Alveolar Bone: It’s the portion of the bone that surrounds the teeth and represents the primary support structure for the teeth.

Two of the main causes of alveolar bone loss are periodontitis and trauma.

The procedures for the regeneration of the alveolar bone are mainly based on the use of natural or synthetic scaffolds and bioactive agents (Figure 1).

However, there are some inherent limitations associated with biomaterials and traditional techniques [16] [17].

Composition:

· Inorganic matrix 67%.: calcium, phosphate and calcium hydroxyapatite crystals.

· Organic matrix 33%: collagen and non-collagenous materials.

· Cells: osteoblasts, osteocytes and osteoclasts.

Figure 1. Overview of the applications of polyphenols in dental field [19].

3. Use of Medicinal Plants in the Oral Cavity

Regenerative, antibacterial, antiviral, anti-inflammatory and analgesic effects of medicinal plants on oral tissues have been proved by several studies, numerous active principals have been studied and have shown interesting results in terms of accelerating the healing process [18] [19].

3.1. Action on Enamel

Enamel remineralization includes the incorporation of minerals such as carbonate, magnesium, sodium, fluoride, calcium and phosphate, among others. Generally, a direct association is observed between these ions in saliva and reduced tooth enamel demineralization (dental caries) [20] [21].

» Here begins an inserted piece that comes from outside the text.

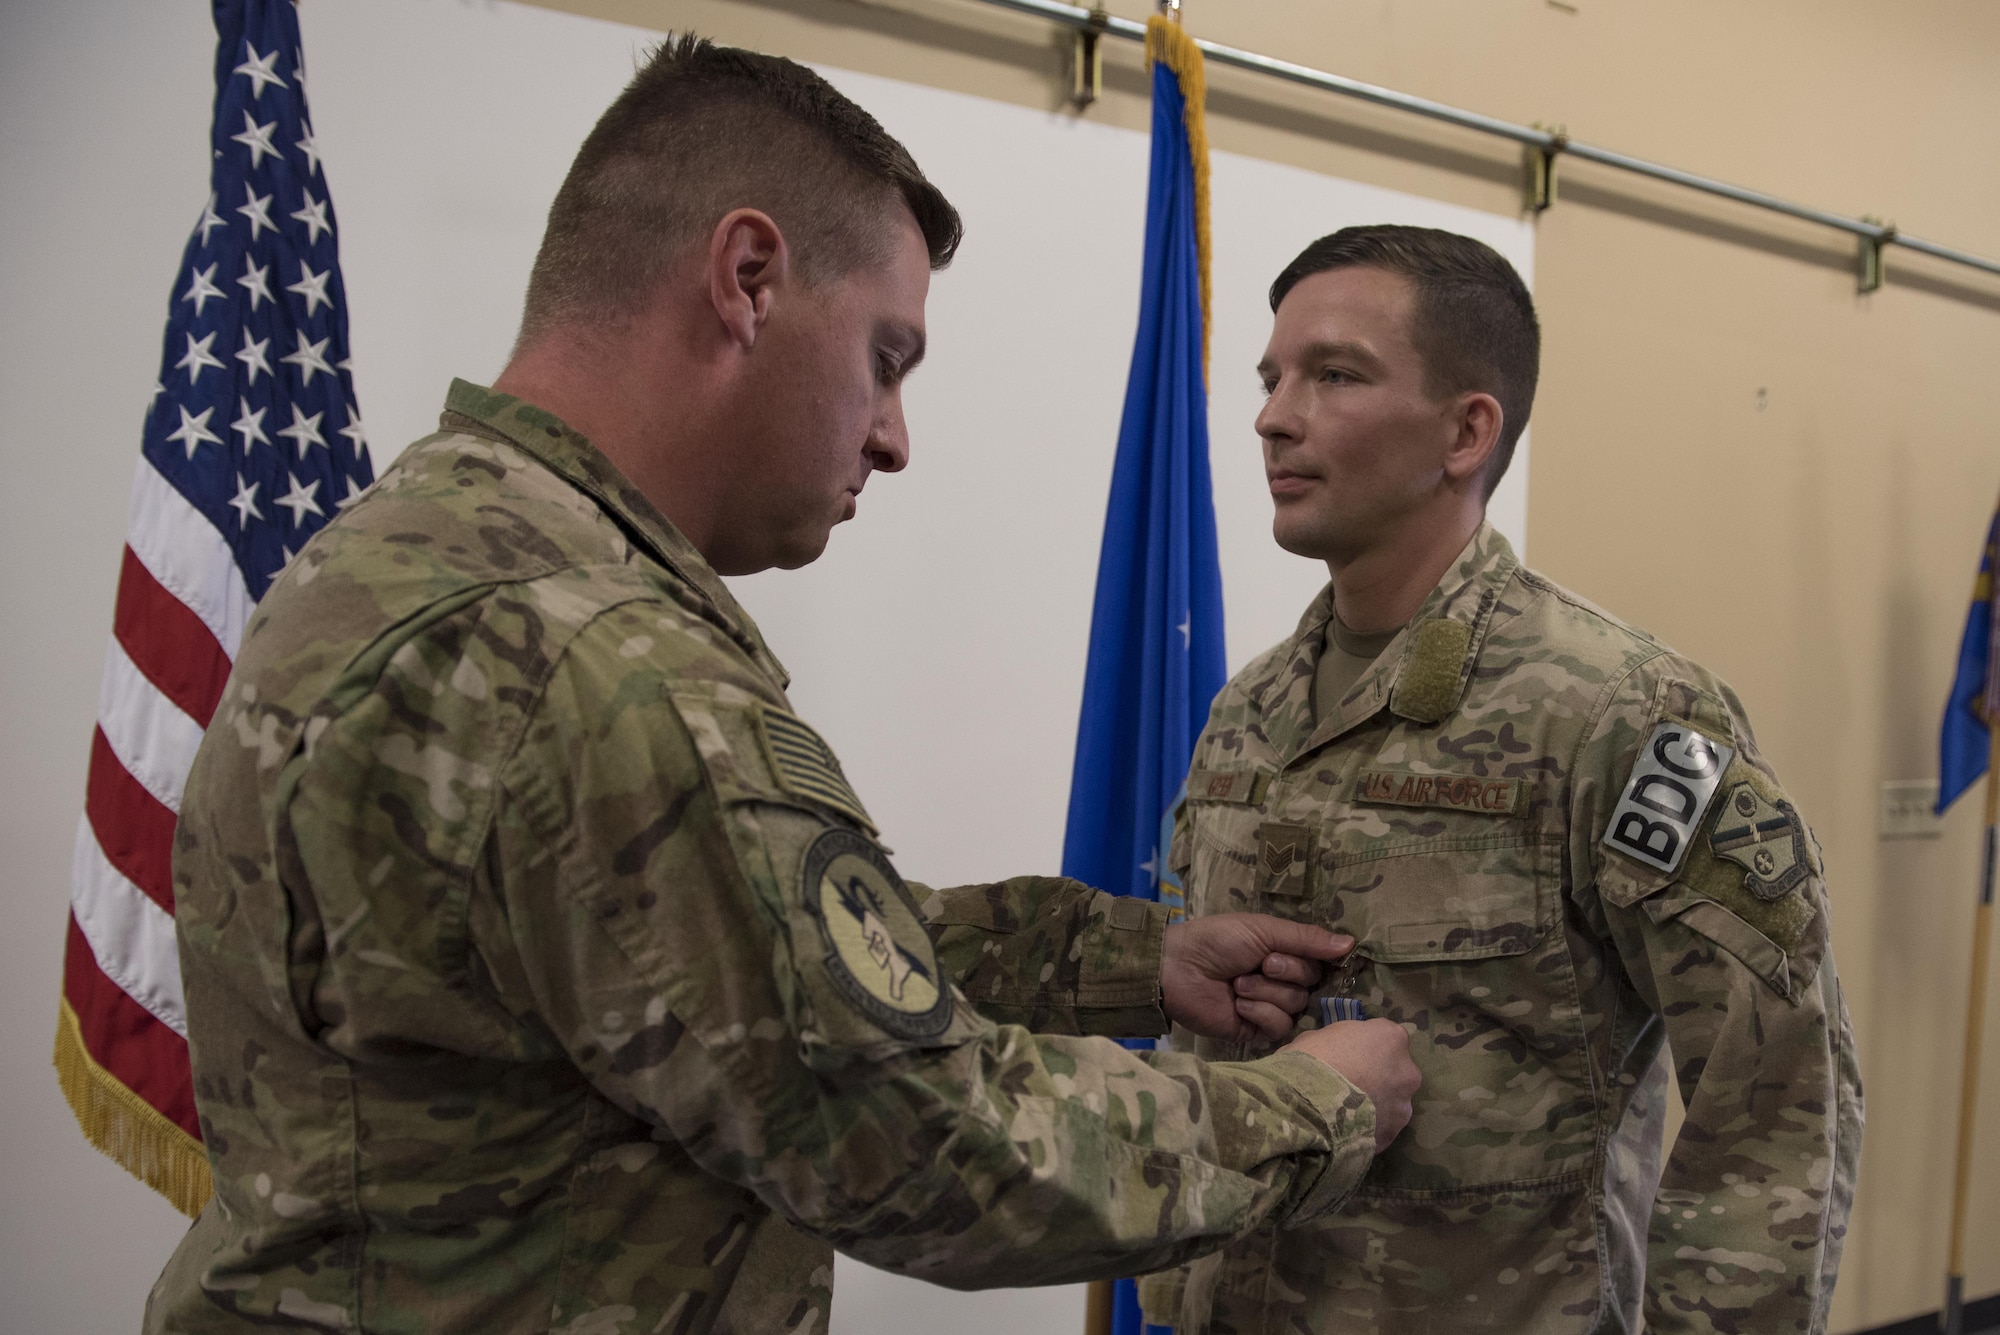 Maj. Michael Warren, 824th Base Defense Squadron commander, pins an achievement medal on Staff Sgt. David Green, 824th BDS fireteam leader, April 10, 2017, at Moody Air Force Base, Ga. Green received the medal for his act of heroism when he helped a trapped victim during an off-base vehicle incident. (U.S. Air Force photo by Airman 1st Class Lauren M. Sprunk)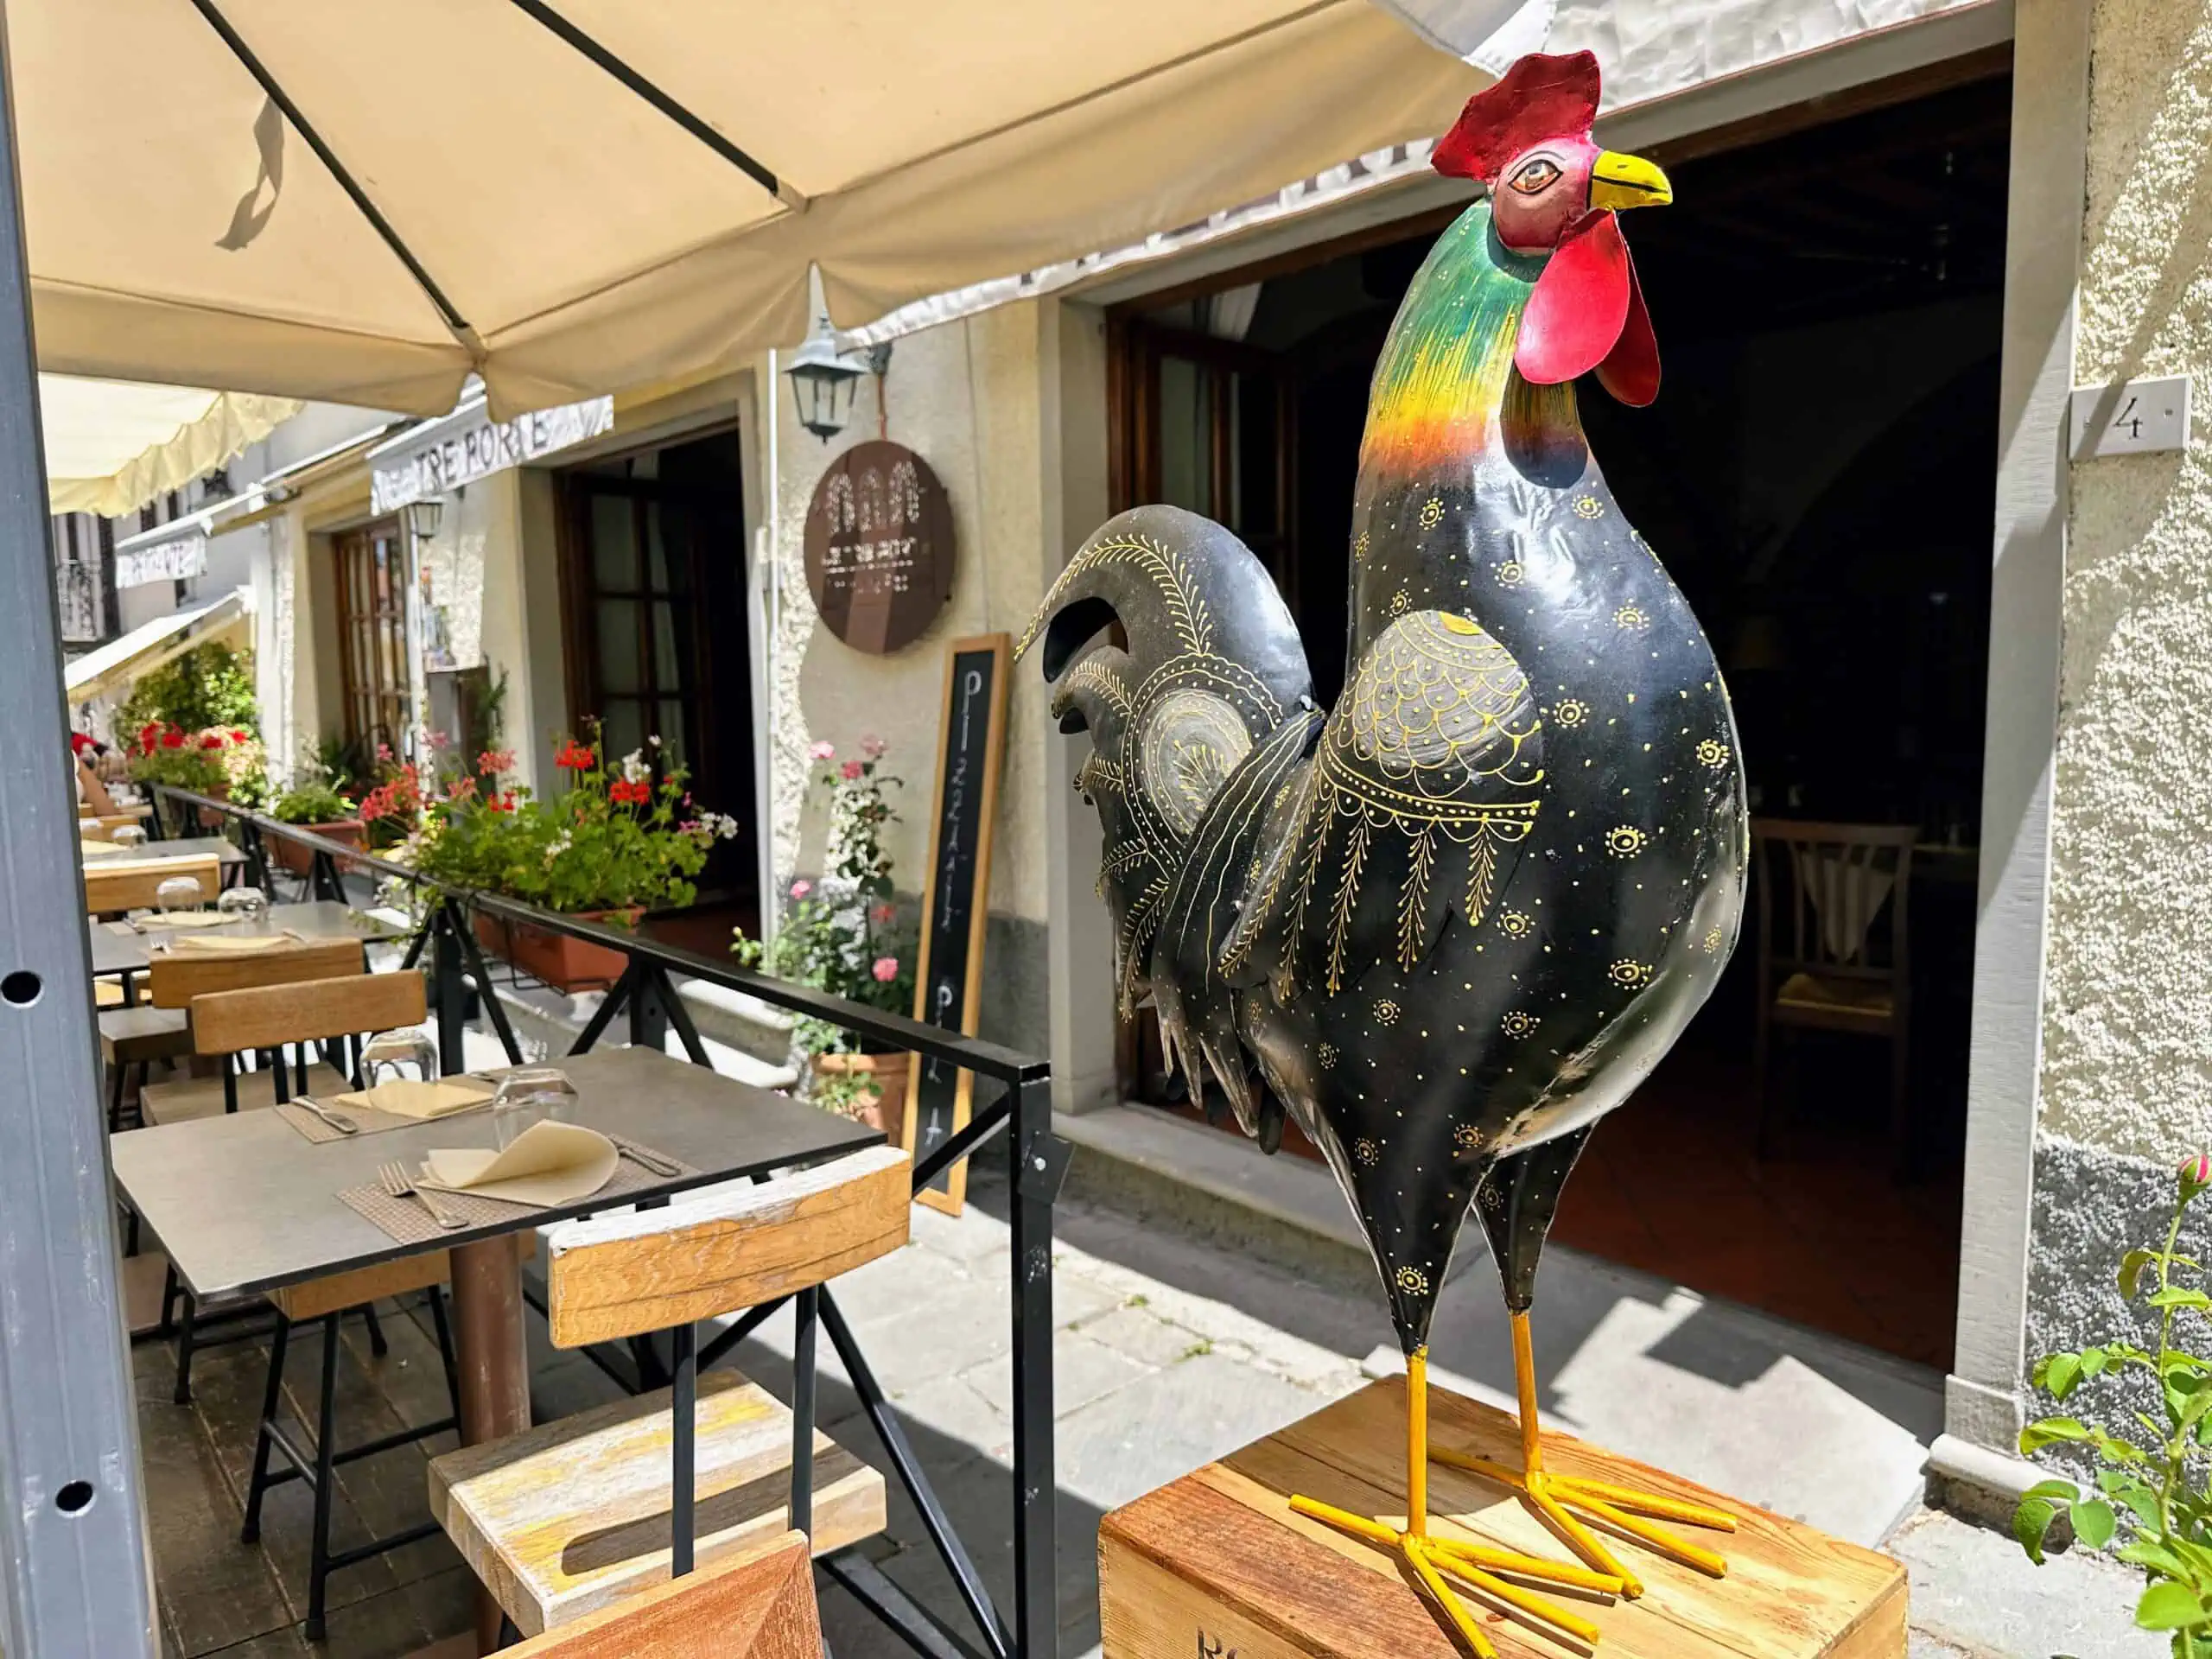 Rooster sculpture on display outside a restaurant in Italy.

The effect of natural compounds on enamel remineralization has already been proved and clinically used with the Casein phosphopeptide-amorphous calcium phosphate (CPP-ACP) complex [22].

The anticariogenic effect of several medicinal plants has been subject of many studies (Table 1): Galla chinesis that contains metabolites such as tannins and flavonoids, promoting the mineral apposition in cavity lesions [23] [24] [25] [26], Carboxymethyl chitosan, Ilex guayusa have being studied for their anticariogenic effect and enhancing enamel remineralization [27] [28] [29] [30], Piper marginatum have been studied for its antifungal properties but has shown cytotoxicity in an invivo study on rats [27] [29] [31] [32] [33], Prilla frutescens seed shown an antibacterial effect and preventing dental caries [26] [34], and Coconut fruit extracts: virgin coconut oil (VCO), coconut milk (CM), and coconut water (CW) hold properties which enable them to prevent dental caries. Previous

Table 1. Summary based on the literature review of the medicinal plants studied with a potential of enamel reparation, remineralization and protection.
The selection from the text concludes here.